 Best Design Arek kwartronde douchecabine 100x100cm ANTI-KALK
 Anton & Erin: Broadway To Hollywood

...

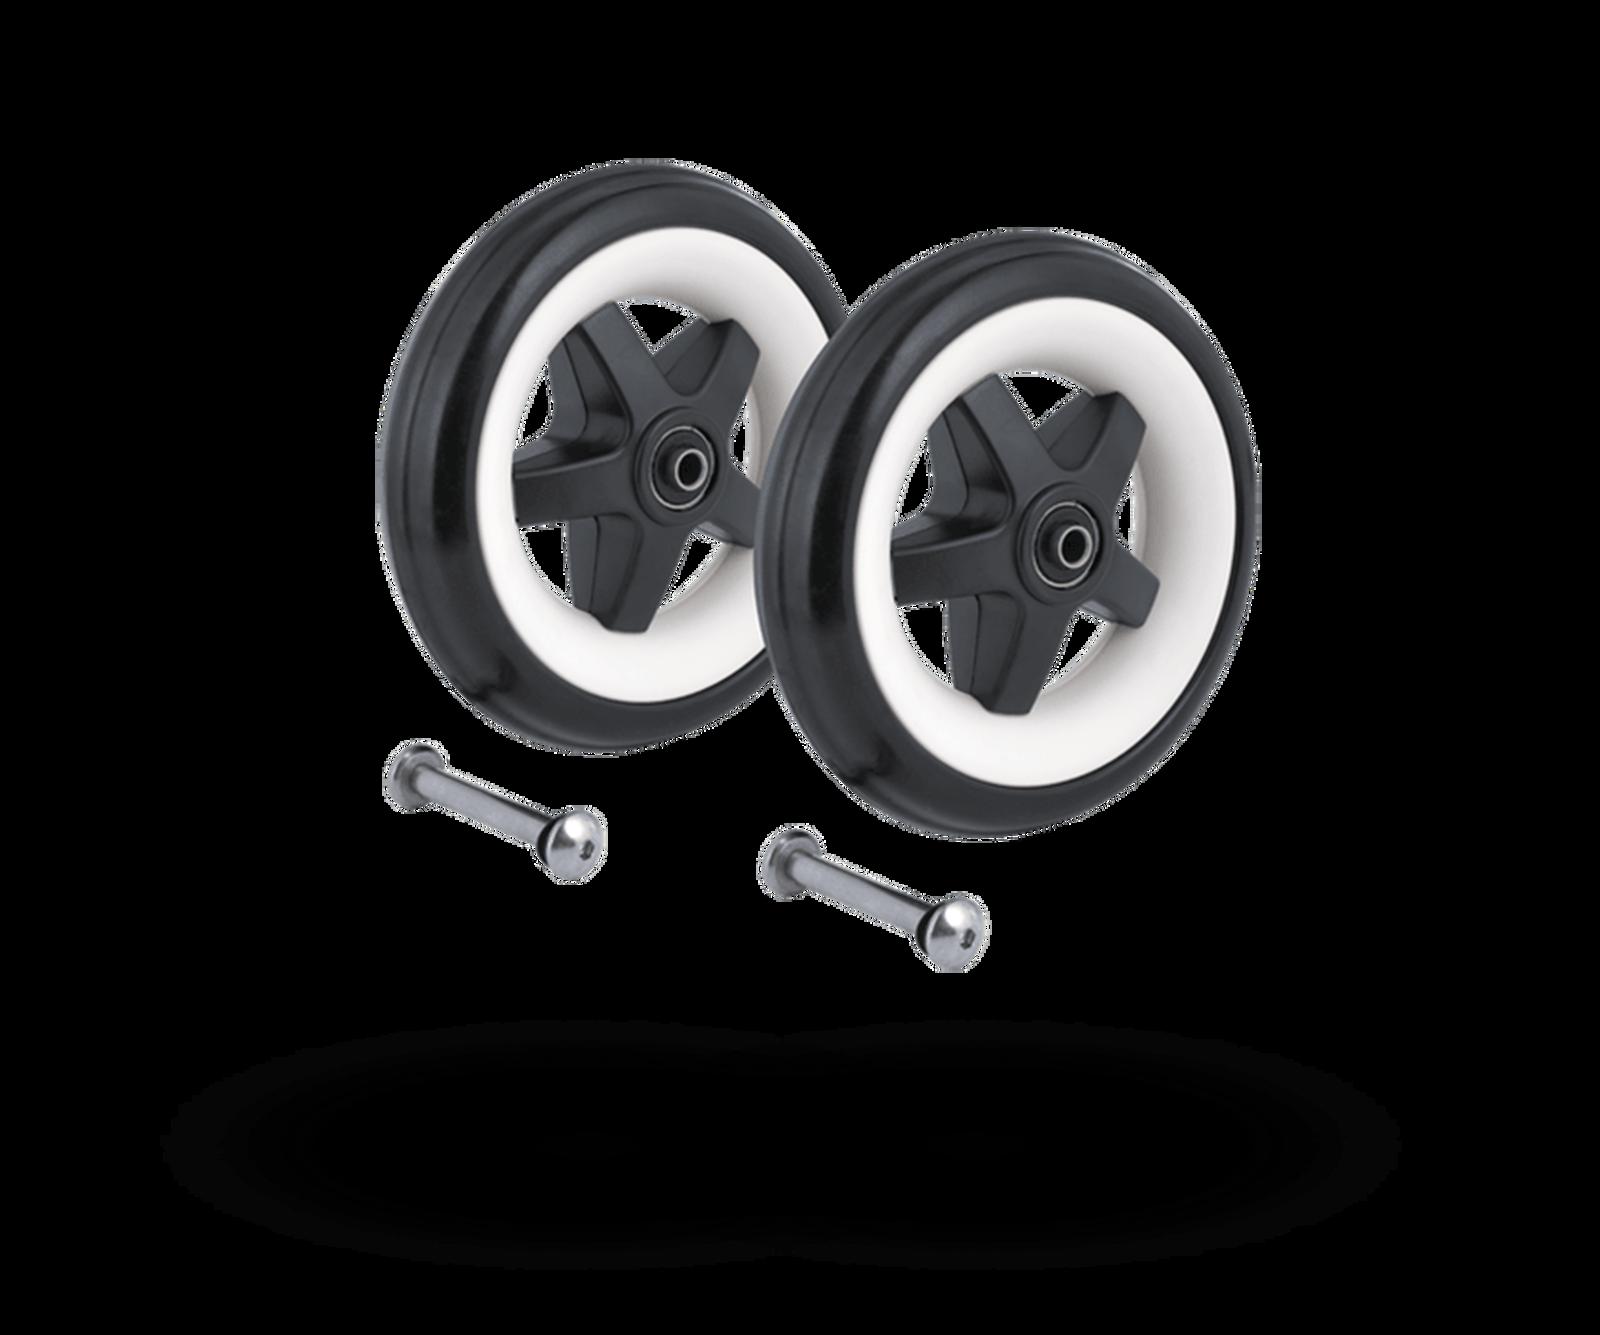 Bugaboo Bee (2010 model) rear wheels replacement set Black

## [Exercise goal]
Reproduce word for word the material above, beginning with the line that contains "Best Design Arek" and ending with the line that contains "Anton & Erin: Broadway To Hollywood".

## [Expected answer]
 Best Design Arek kwartronde douchecabine 100x100cm ANTI-KALK
 Anton & Erin: Broadway To Hollywood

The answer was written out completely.